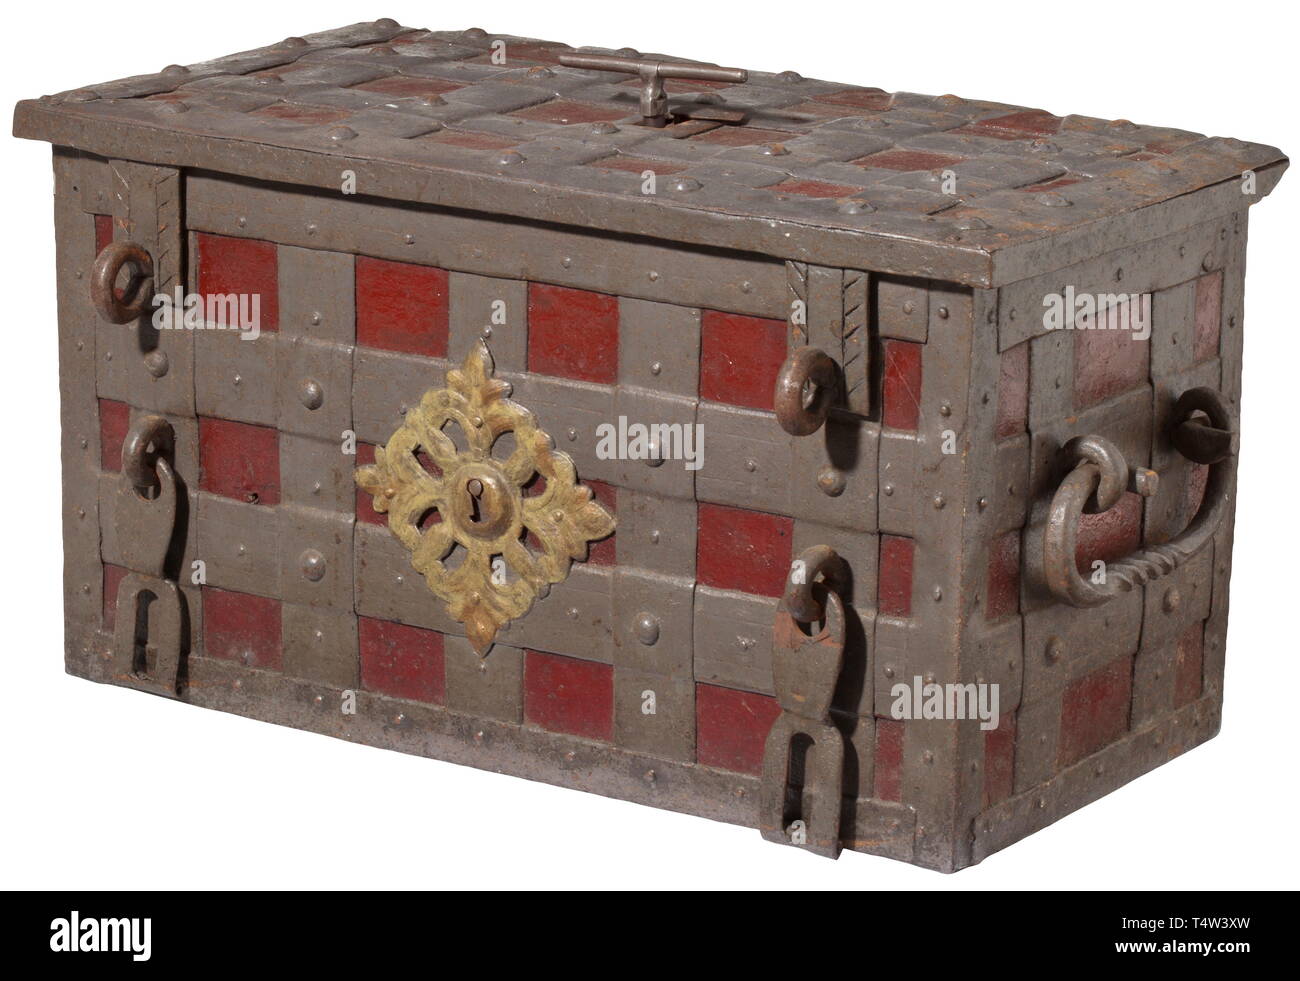 A heavy German war chest, circa 1700 Rectangular body made of sheet iron with broad, riveted reinforcement straps. The lid with a central keyhole, one false keyhole on the front side with openwork frame. Mechanism with ten latches on the inside. Richly pierced and engraved tin-plated cover. Two movable carrying handles on the sides. The key a replacement, the mechanism fully functional. Dimensions 47 x 85 x 47 cm. historic, historical, 18th century, Additional-Rights-Clearance-Info-Not-Available Stock Photo
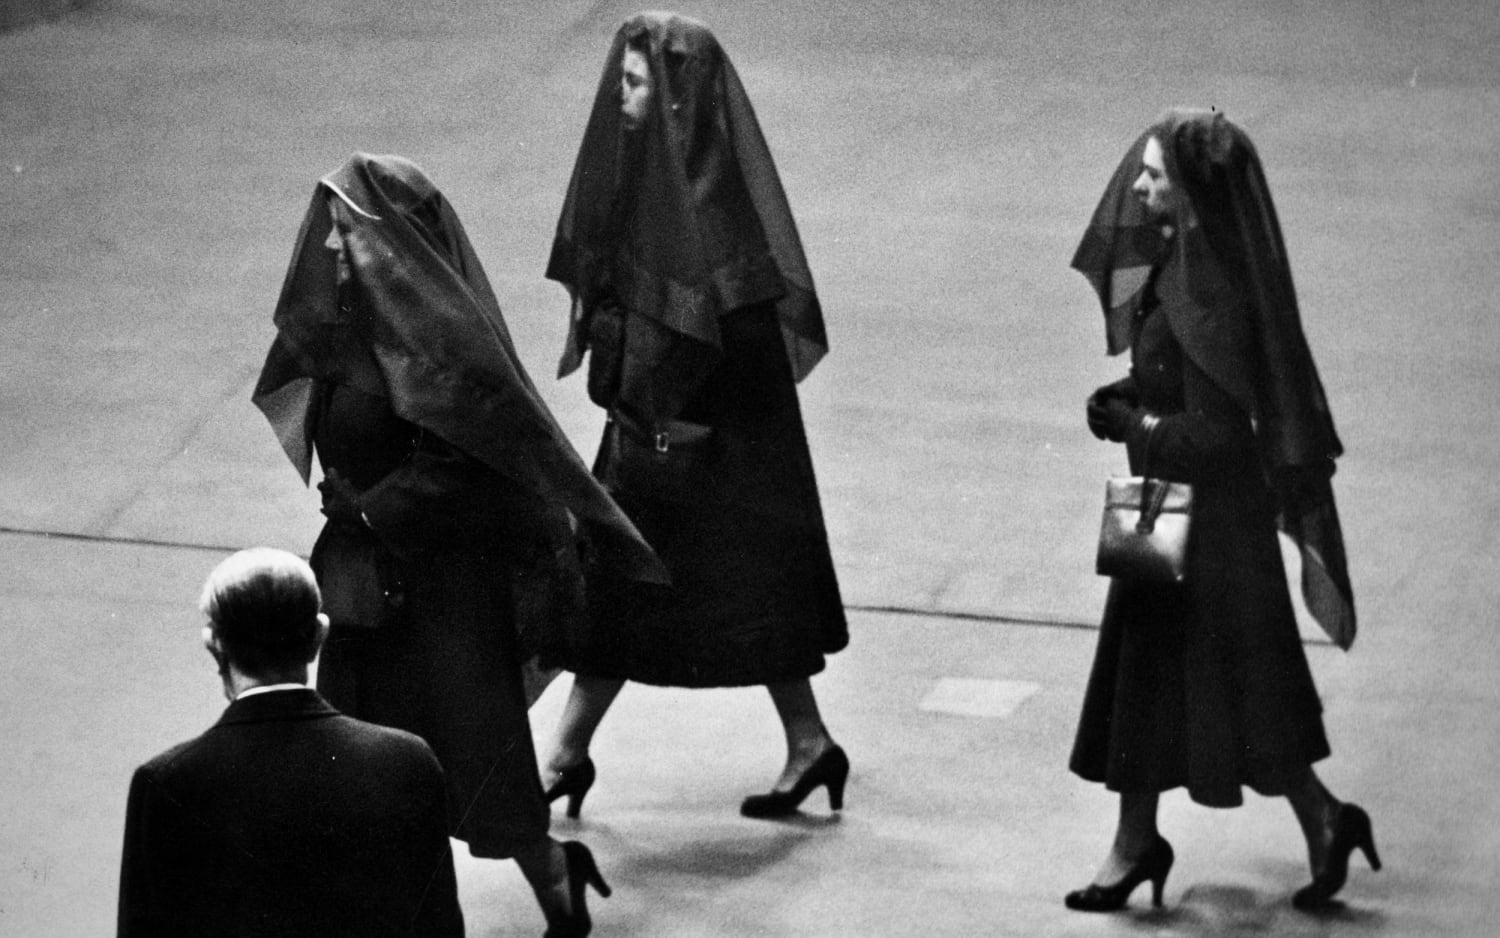 The Queen Mother, the new Queen Elizabeth II and Princess Margaret - veiled and in black for the funeral of King George VI. [15 February 1952 |
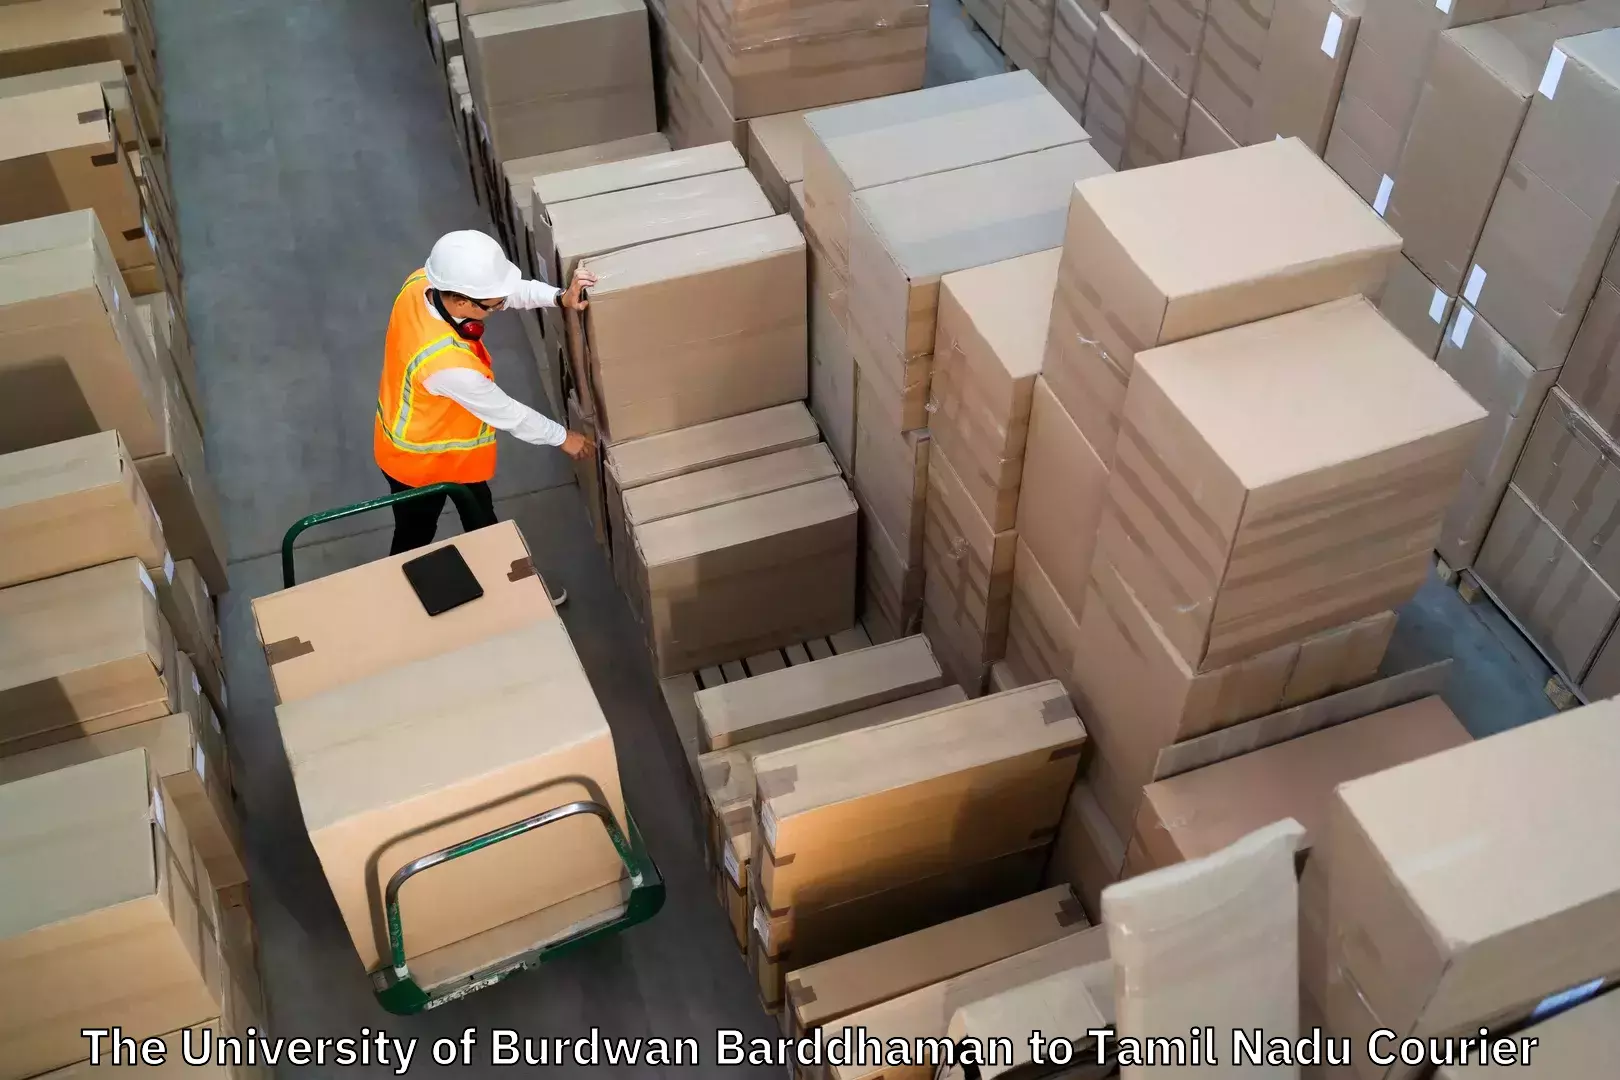 Luggage shipping service in The University of Burdwan Barddhaman to Papanasam
- - - - -
Task requirements:
Type the lines above out again exactly as they appear, skipping every picture.

Solution:
 A heavy German war chest, circa 1700 Rectangular body made of sheet iron with broad, riveted reinforcement straps. The lid with a central keyhole, one false keyhole on the front side with openwork frame. Mechanism with ten latches on the inside. Richly pierced and engraved tin-plated cover. Two movable carrying handles on the sides. The key a replacement, the mechanism fully functional. Dimensions 47 x 85 x 47 cm. historic, historical, 18th century, Additional-Rights-Clearance-Info-Not-Available Stock Photo
 The Queen Mother, the new Queen Elizabeth II and Princess Margaret - veiled and in black for the funeral of King George VI. [15 February 1952 |
 Luggage shipping service in The University of Burdwan Barddhaman to Papanasam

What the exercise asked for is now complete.